Sir Barton Stakes
- Class: Ungraded Stakes
- Location: Pimlico Race Course, Baltimore, Maryland, United States
- Inaugurated: 1993
- Race type: Thoroughbred - Flat racing
- Website: https://www.pimlico.com/

Race information
- Distance: 1+1⁄16 miles (8.5 furlongs)
- Surface: Dirt
- Track: left-handed
- Qualification: Three-year-olds
- Weight: Assigned
- Purse: $100,000

= Sir Barton Stakes (USA) =

The Sir Barton Stakes is an American ungraded Thoroughbred horse race for three-year-olds over a distance of 1 1/16 miles held at Pimlico Race Course in Baltimore, Maryland. The race offers a purse of $100,000.

It is run as part of the undercard for the Preakness Stakes, the second leg of the U.S. Triple Crown series.

== History ==

The race is named for the U.S. Racing Hall of Fame colt Sir Barton, who was the 1st U.S. Triple Crown Champion.
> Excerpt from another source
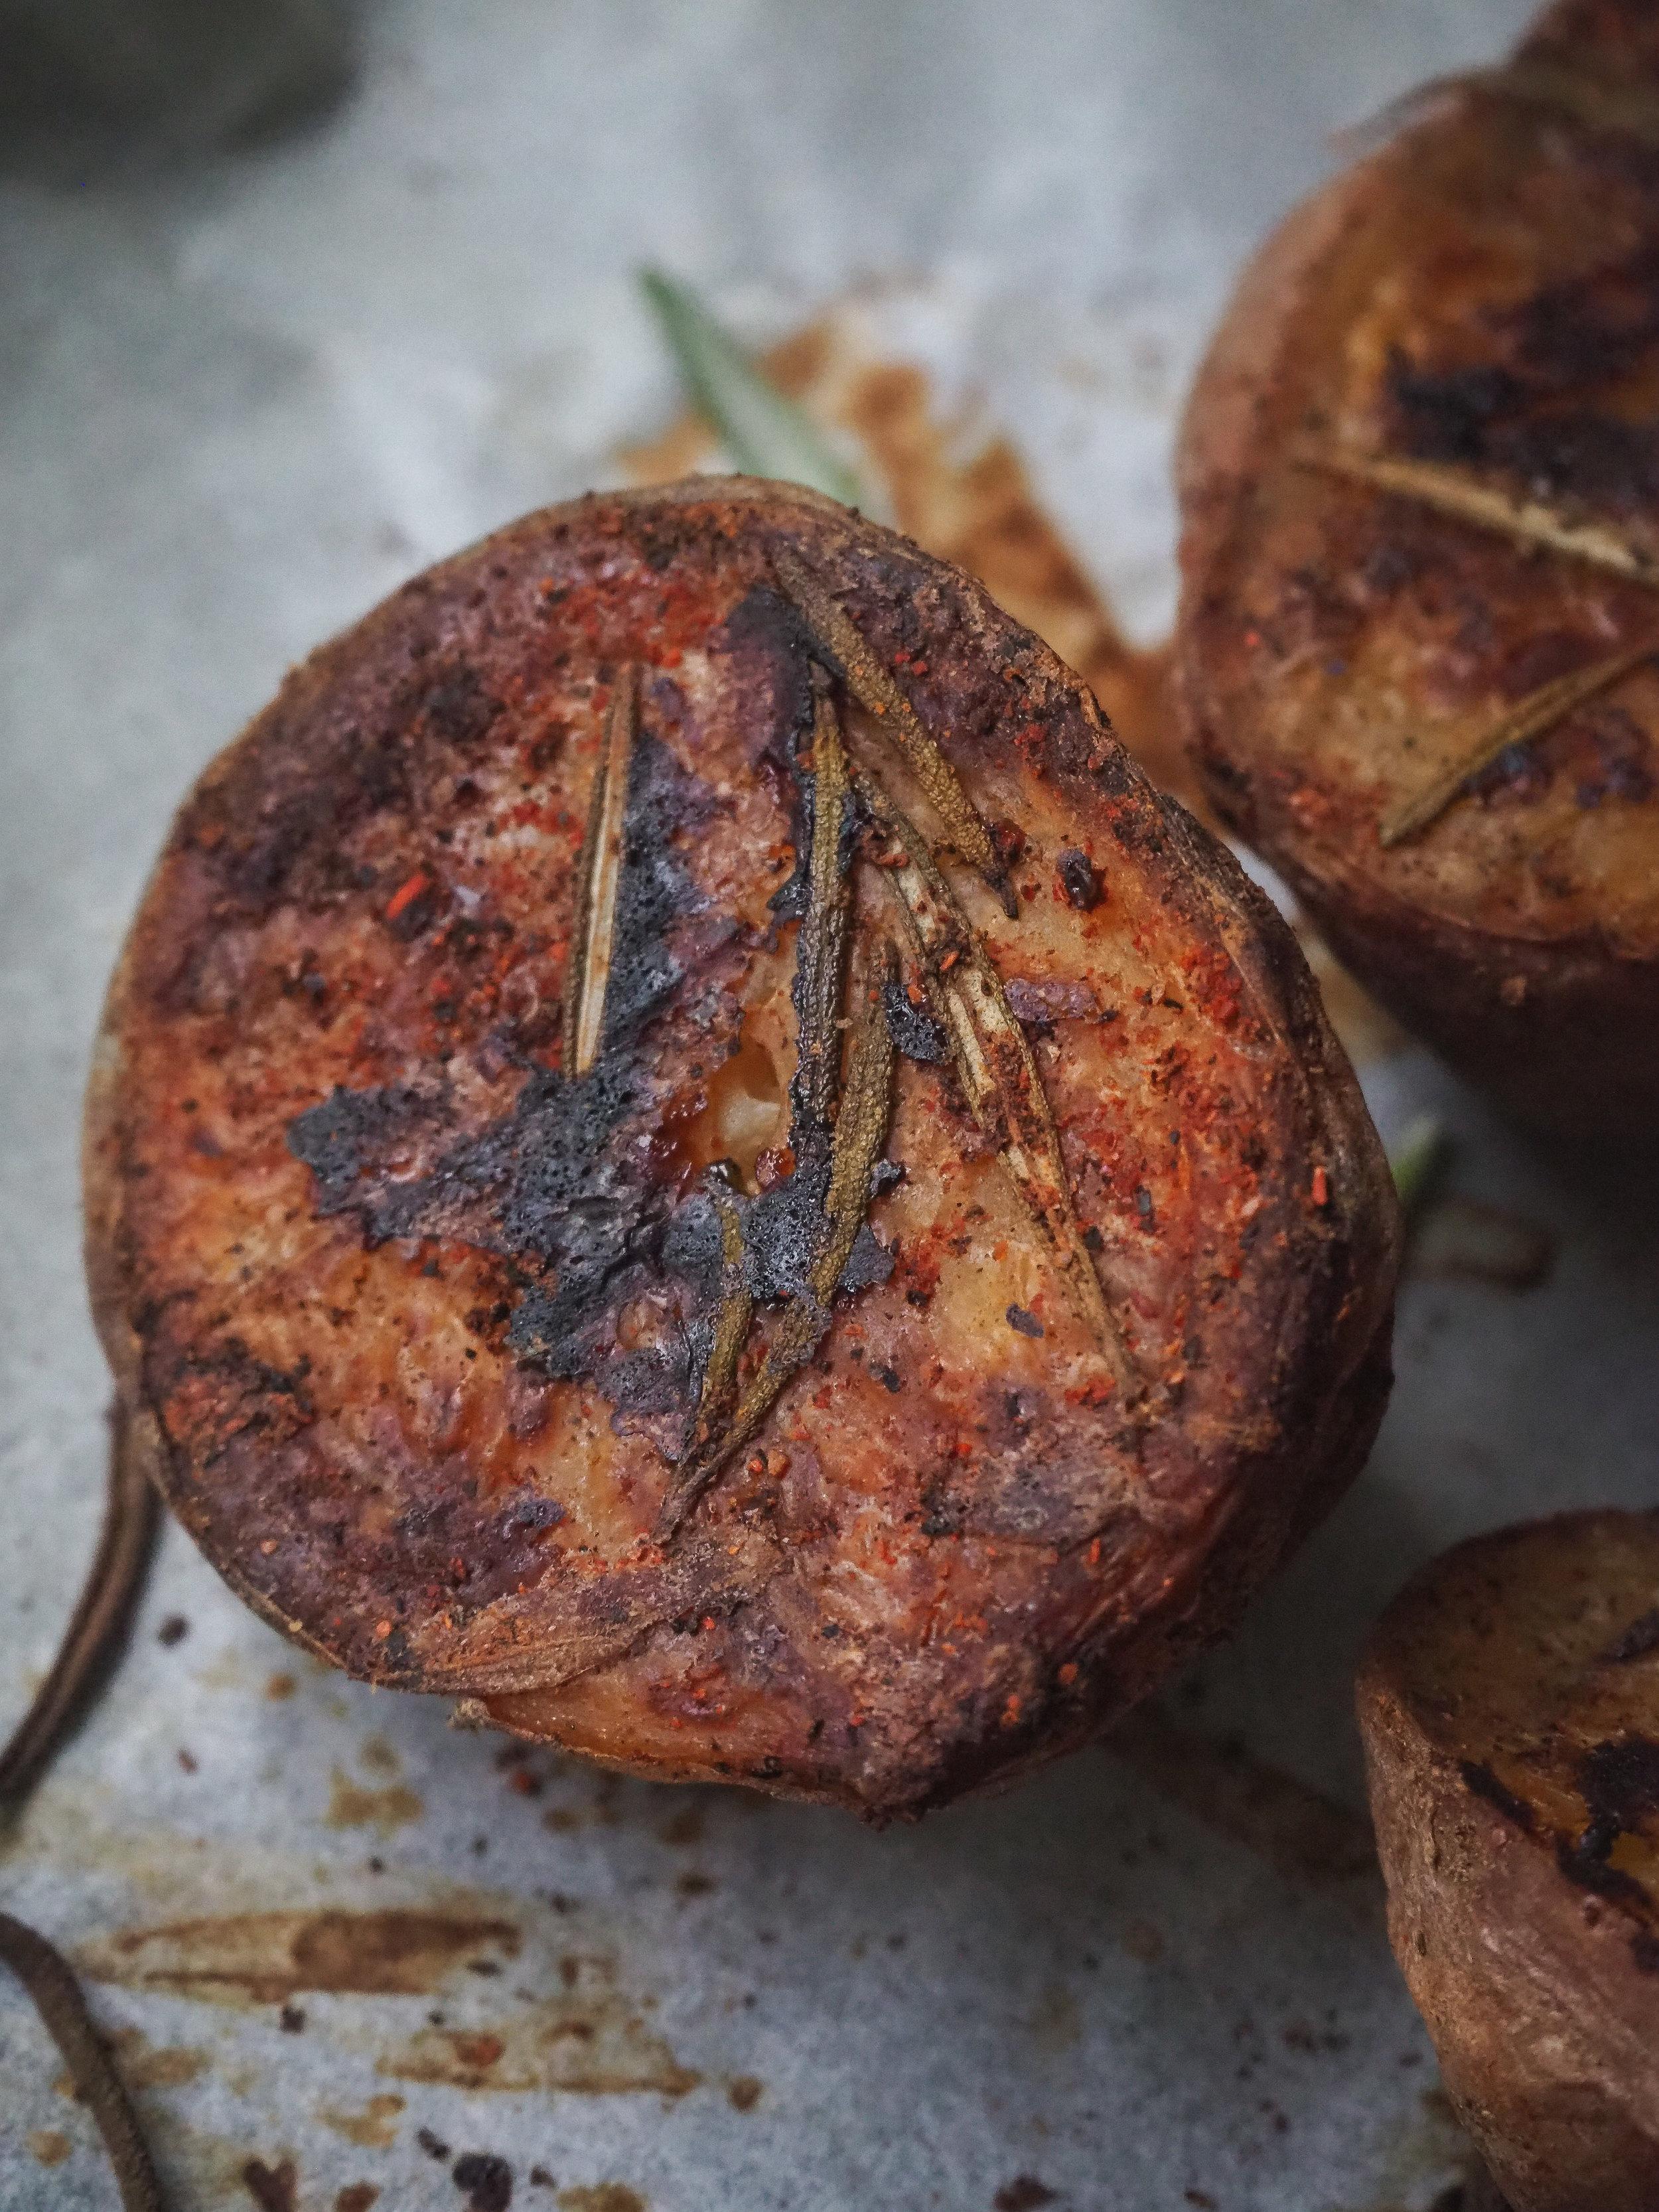 Roasted Rosemary Potatoes | Plant-Based, Vegan, Oil-Free, Easy Beginner Recipe  © Elena Hollenhorst
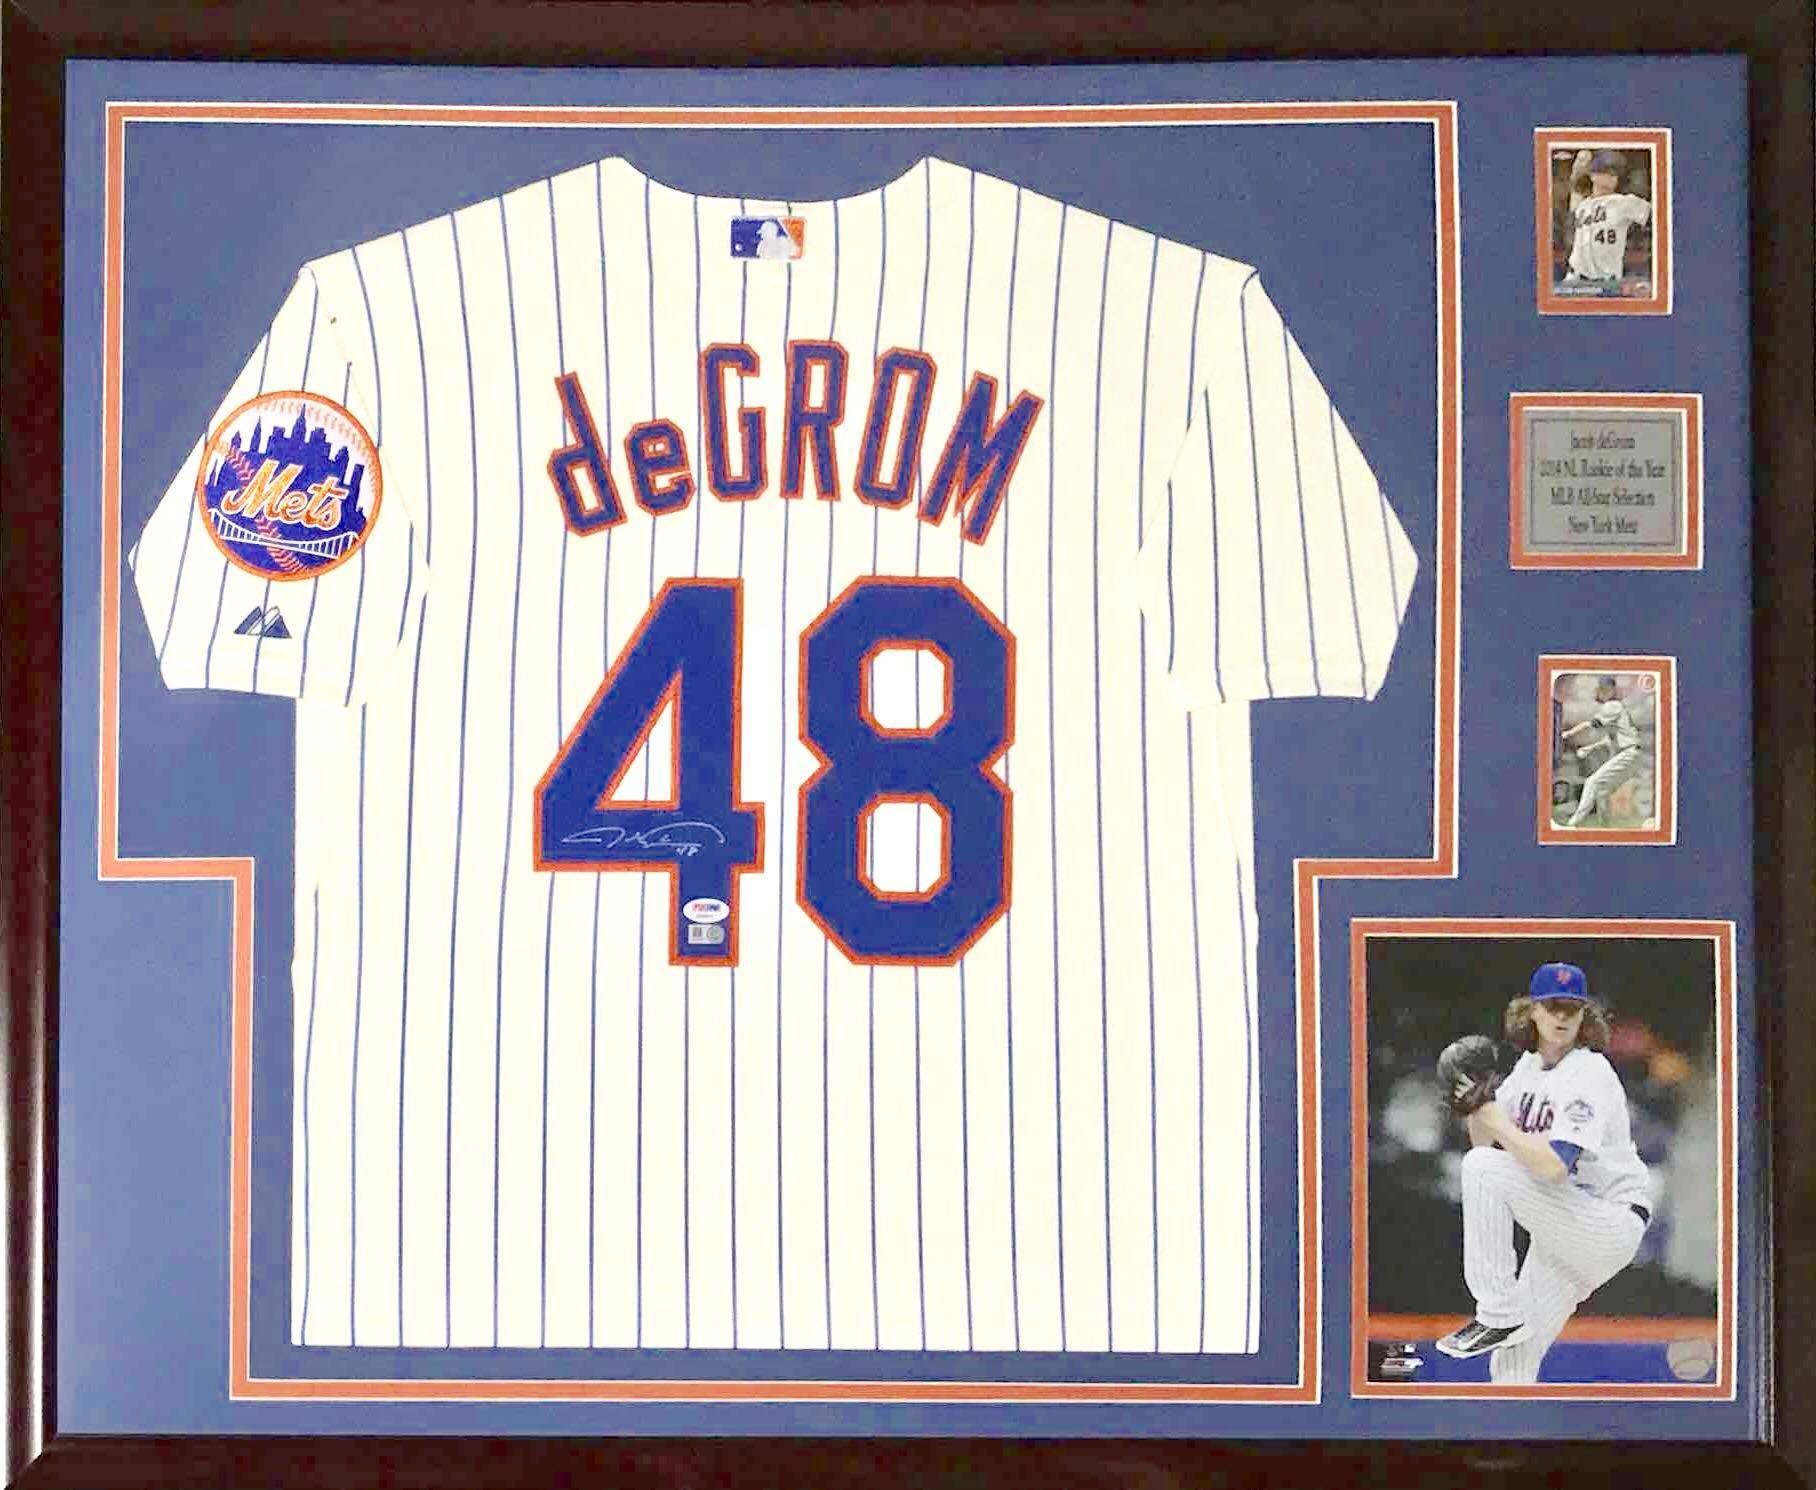 jacobdeGrom #Mets framed jersey #jerseyframing #framedjersey ...

The 8.5-furlong ungraded stakes race was renamed from 2007 to 2008 for the 2006 Kentucky Derby winner, Barbaro, who suffered an injury in the 2006 Preakness Stakes that ultimately cost him his life.

== Records ==

Speed record:
- 1 1/16 miles - 1:41.13 Arabian Lion (2023)

Most wins by an owner:
- 2 - R. Larry Johnson (1995, 1997)
- 2 - Paraneck Stable (1996, 2009)

Most wins by a jockey:
- 3 - Edgar Prado (1997, 2002, 2003)
- 3 - John R. Velazquez (2019, 2023, 2025)

Most wins by a trainer:
- 4 - H. Graham Motion (1995, 1997, 2000, 2017)
- 4 - Nick Zito (1996, 2004, 2005, 2009)
- 4 - Bob Baffert (2015, 2016, 2018, 2023)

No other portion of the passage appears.